Evaluating this product on a single metric feels somewhat misguided. It's not a charger designed for use during the day when it might be more time-critical for the battery to top up faster.
This shouldn't be a matter of the charger. It should be handled by the device. IIRC my iPhone will charge more slowly when it realizes it's doing an overnight charge. The user has the option to disable that, though. There's no reason to praise Apple's wattage choice on this new charger.

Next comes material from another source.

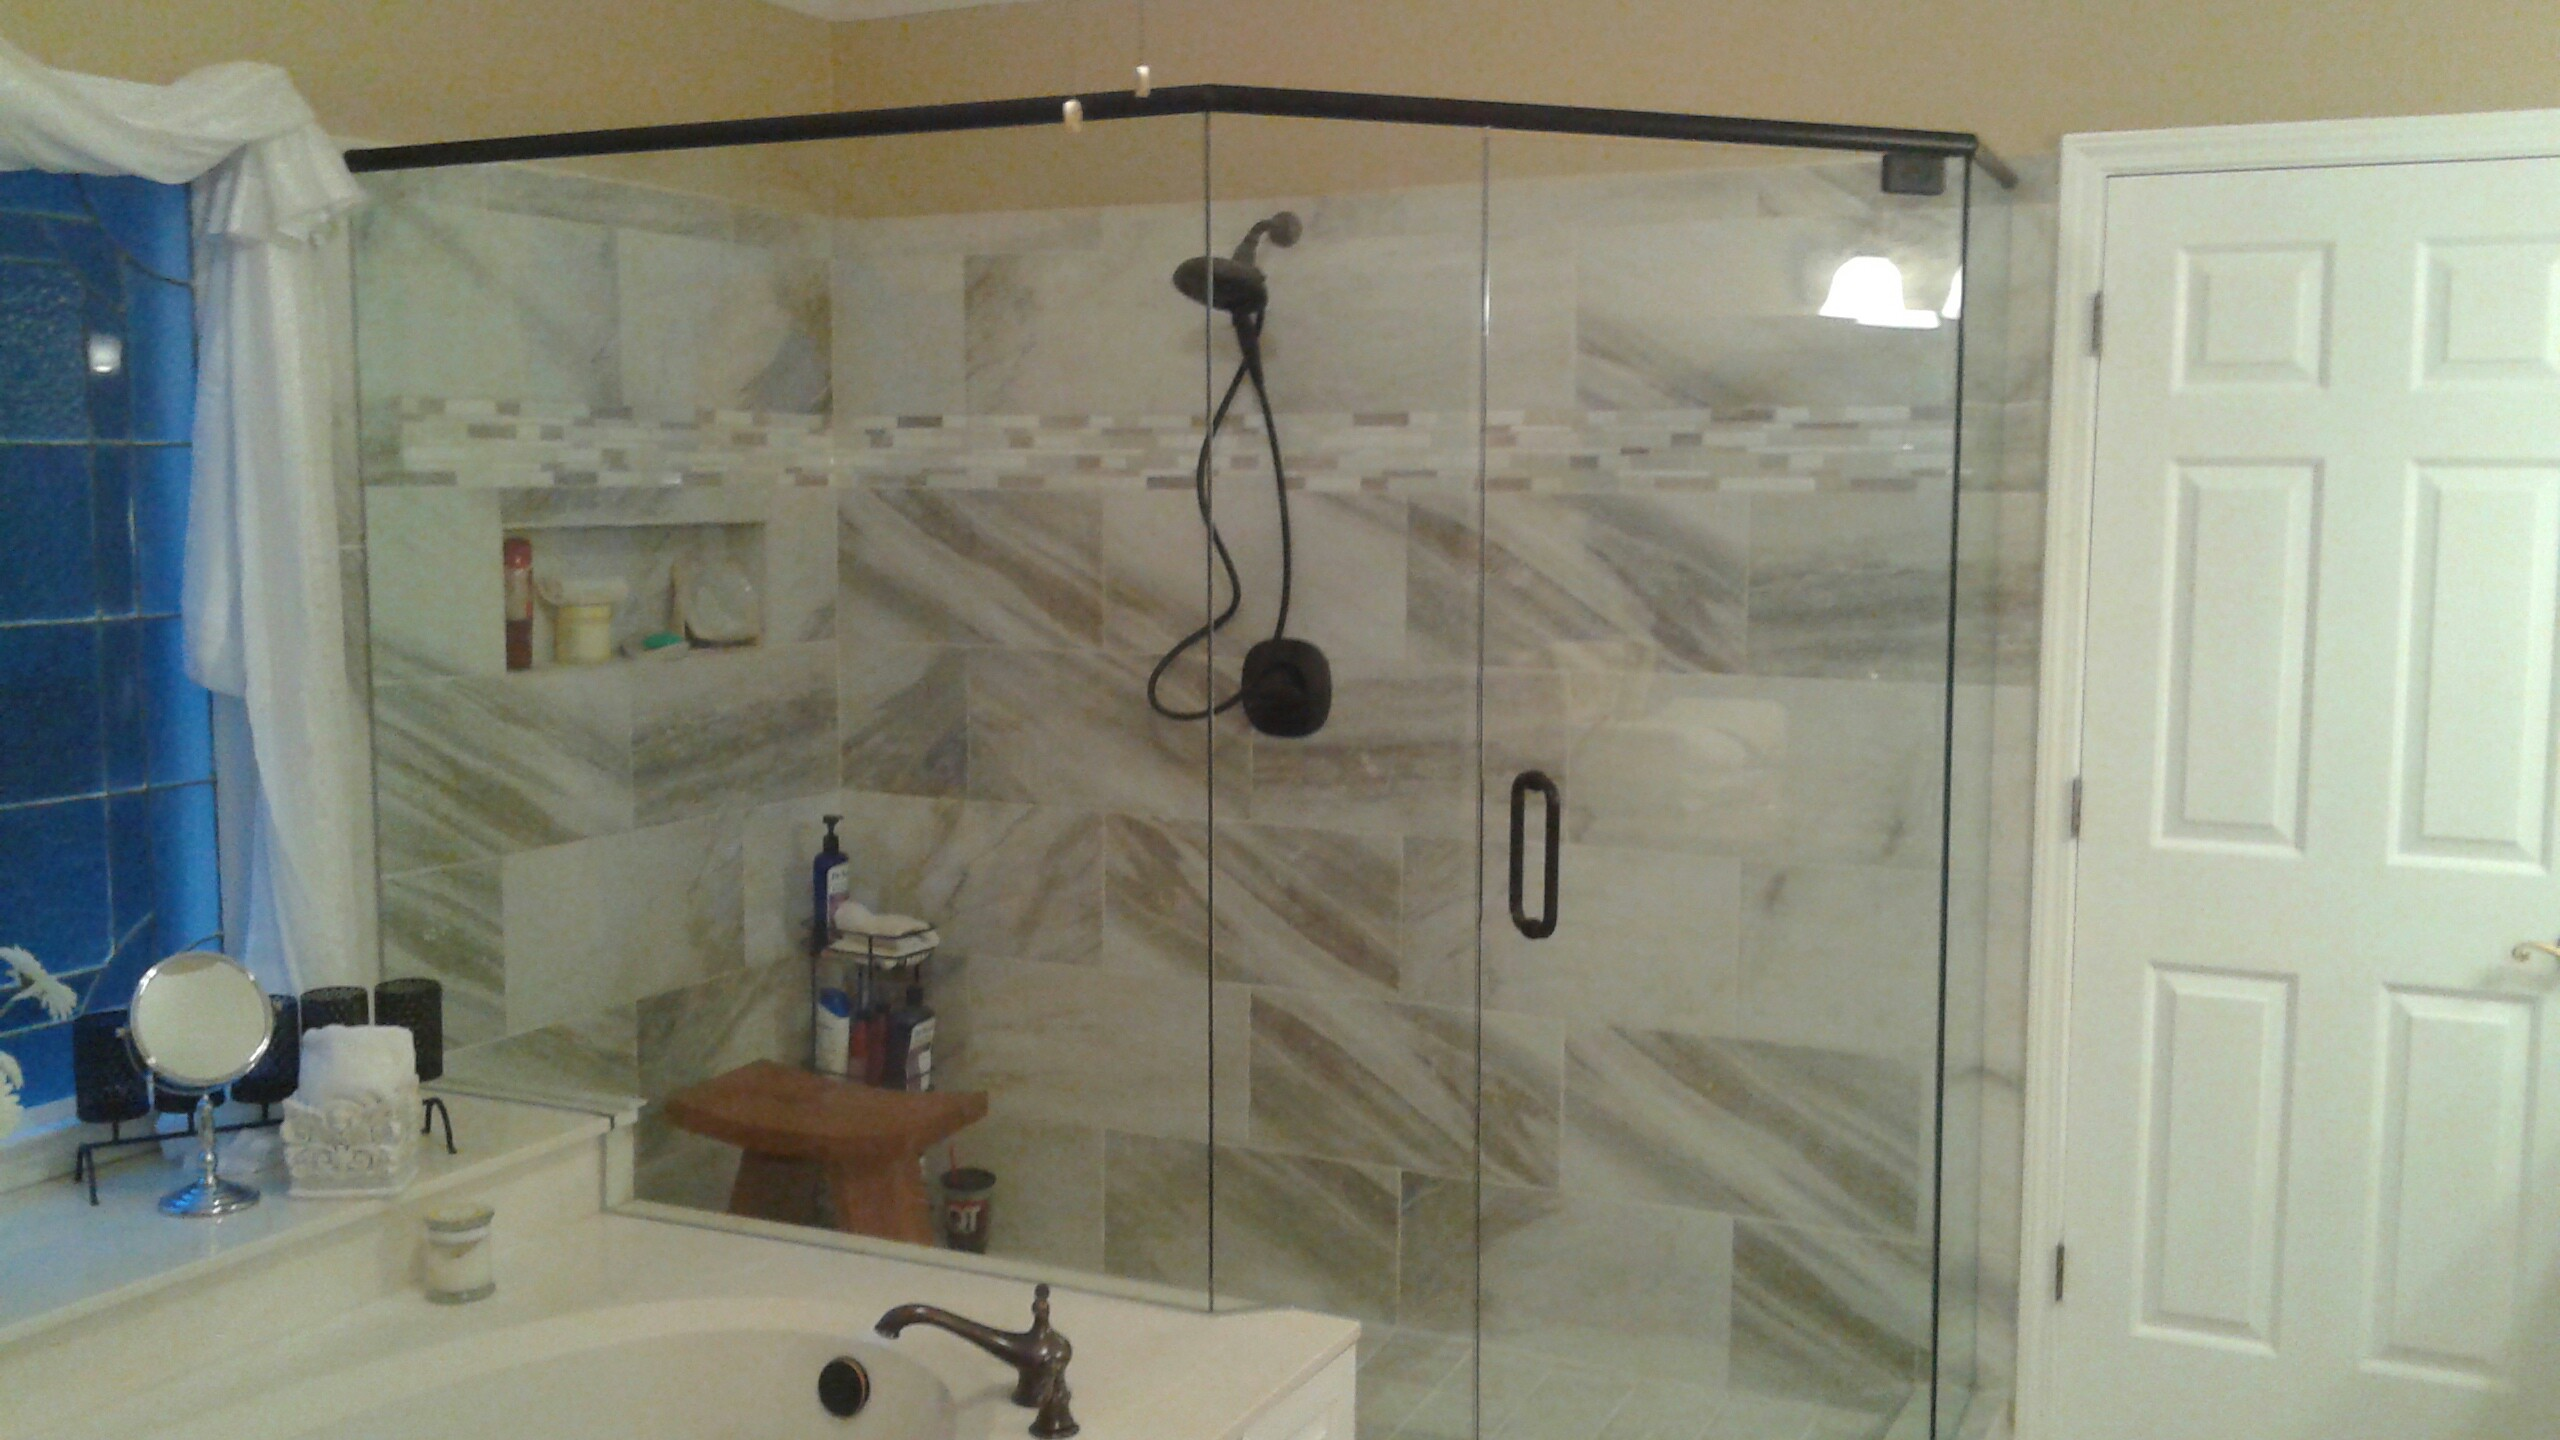 Remodelingwork Treehouse Ln Lawrenceville GA YPcom - Bathroom remodeling lawrenceville ga

Are you thinking of battery health monitoring in iPhones, Watches, and AirPods? My understanding is that they'll charge up to 80% when they recognise it's an overnight charge, but otherwise the charging speed is the same, although approaching 80% it'll asymptotically approach zero—which is a side effect of reaching the desired charge state, rather than an intentional decision to slow the rate of charge.
I'm not aware of Apple's software explicitly slowing the rate of charge as a first order effect for overnighting, happy to read data that says otherwise however.